== WORK REQUEST ==
Please filter the listing below and copy out the lines that hold "bloody".

*** Opening of SUPPLIED MATERIAL ***

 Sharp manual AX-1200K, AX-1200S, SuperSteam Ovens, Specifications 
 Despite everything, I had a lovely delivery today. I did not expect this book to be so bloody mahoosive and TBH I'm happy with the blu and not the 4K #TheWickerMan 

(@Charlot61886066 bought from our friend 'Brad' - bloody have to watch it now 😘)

*** Close of SUPPLIED MATERIAL ***

== TASK SOLUTION ==
 Despite everything, I had a lovely delivery today. I did not expect this book to be so bloody mahoosive and TBH I'm happy with the blu and not the 4K #TheWickerMan 
(@Charlot61886066 bought from our friend 'Brad' - bloody have to watch it now 😘)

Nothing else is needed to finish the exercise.